Start of Data below

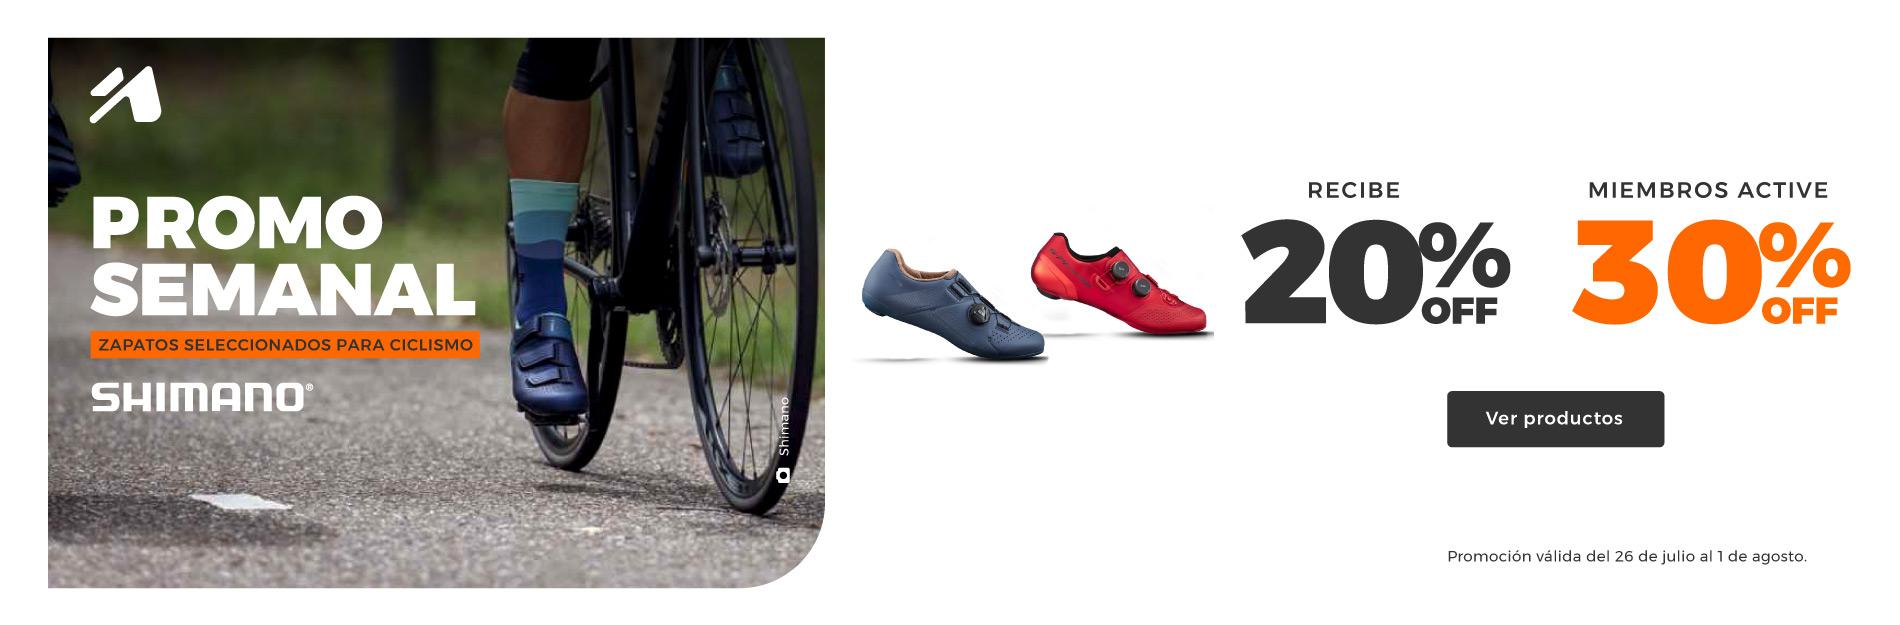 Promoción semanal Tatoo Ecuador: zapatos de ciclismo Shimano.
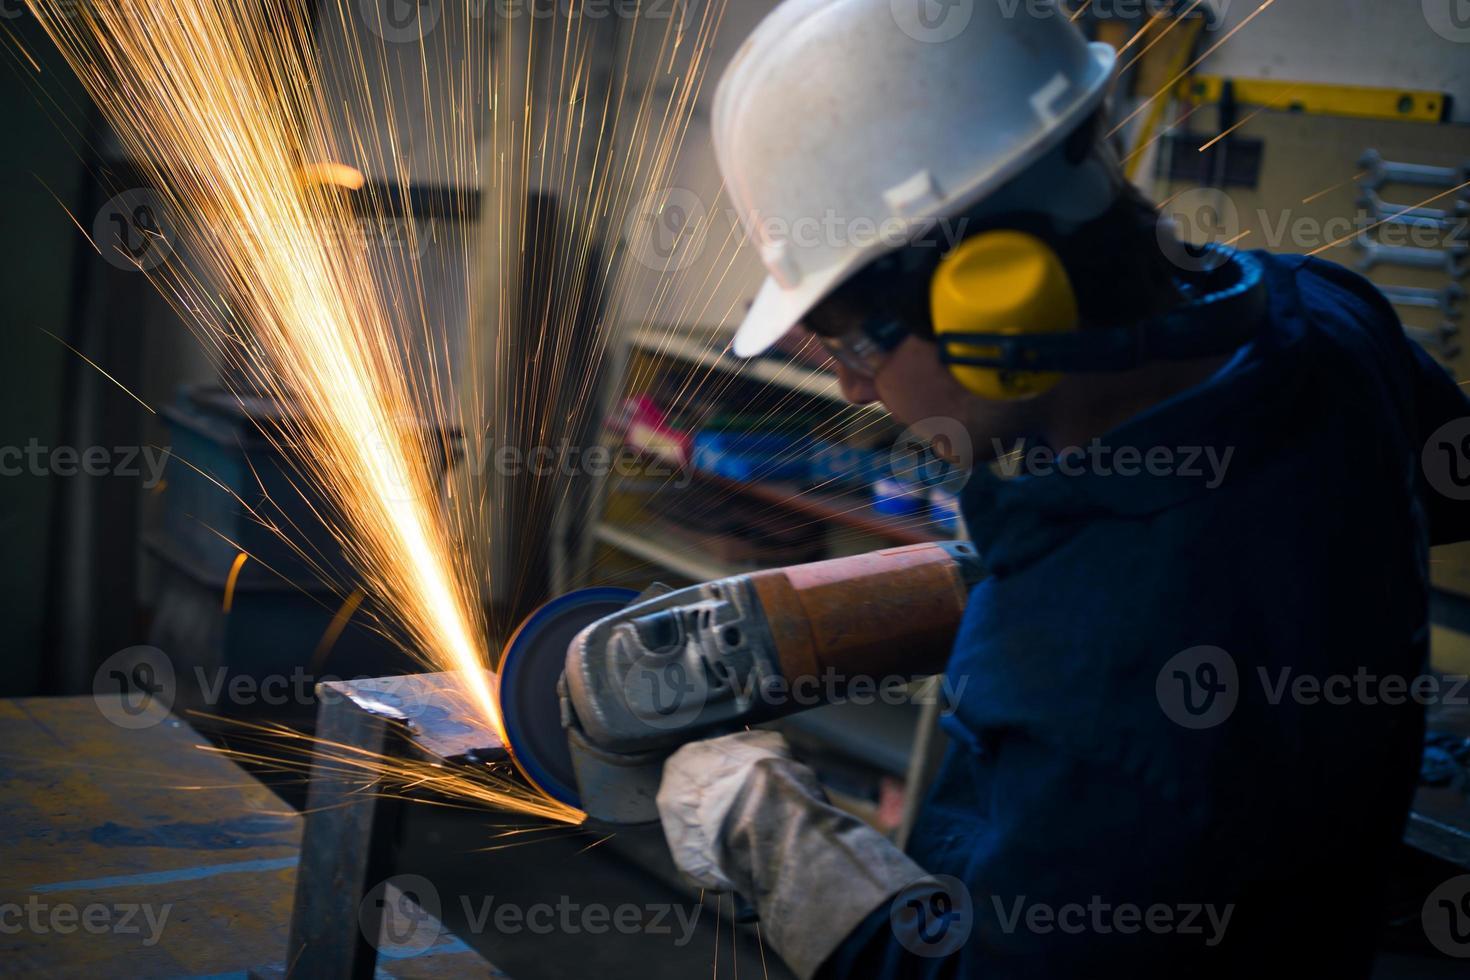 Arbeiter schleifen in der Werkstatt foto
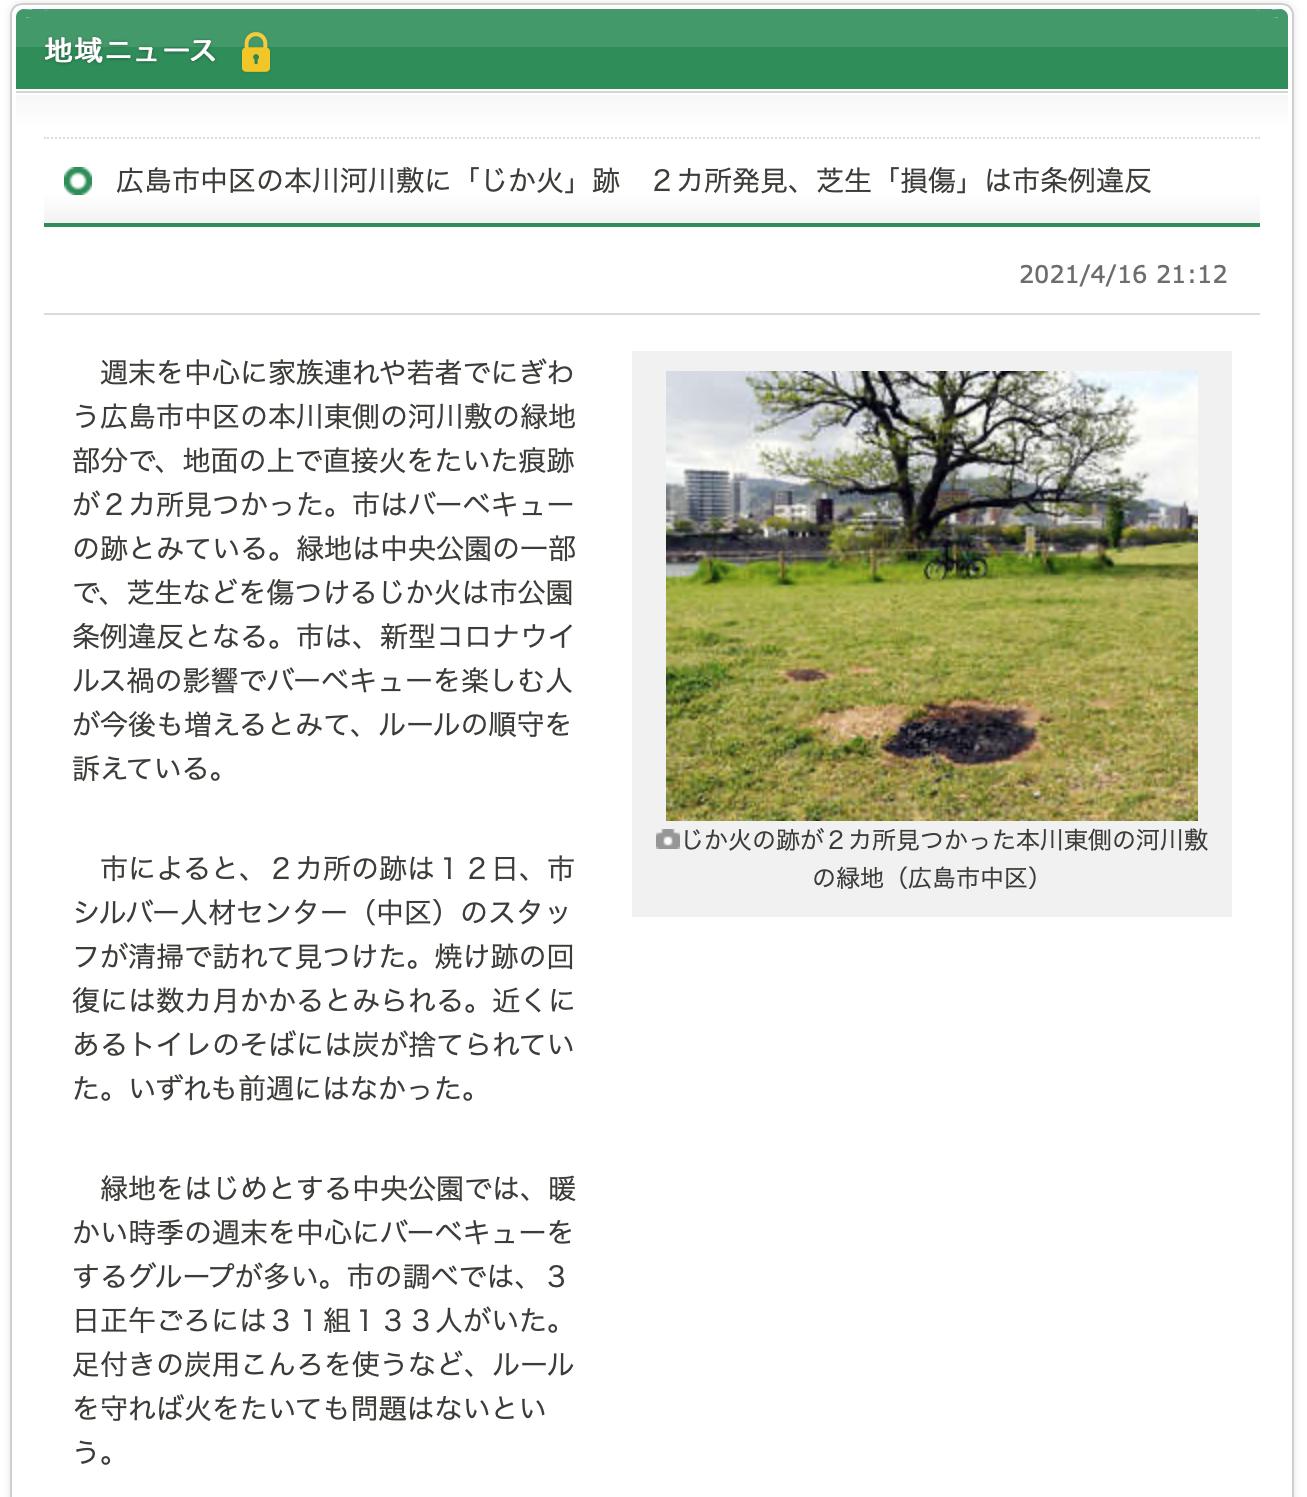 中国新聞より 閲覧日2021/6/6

End of Data below

Pictures aside, return all of the material exactly as written.

### Reply to the task
 Promoción semanal Tatoo Ecuador: zapatos de ciclismo Shimano.
 Arbeiter schleifen in der Werkstatt foto
 中国新聞より 閲覧日2021/6/6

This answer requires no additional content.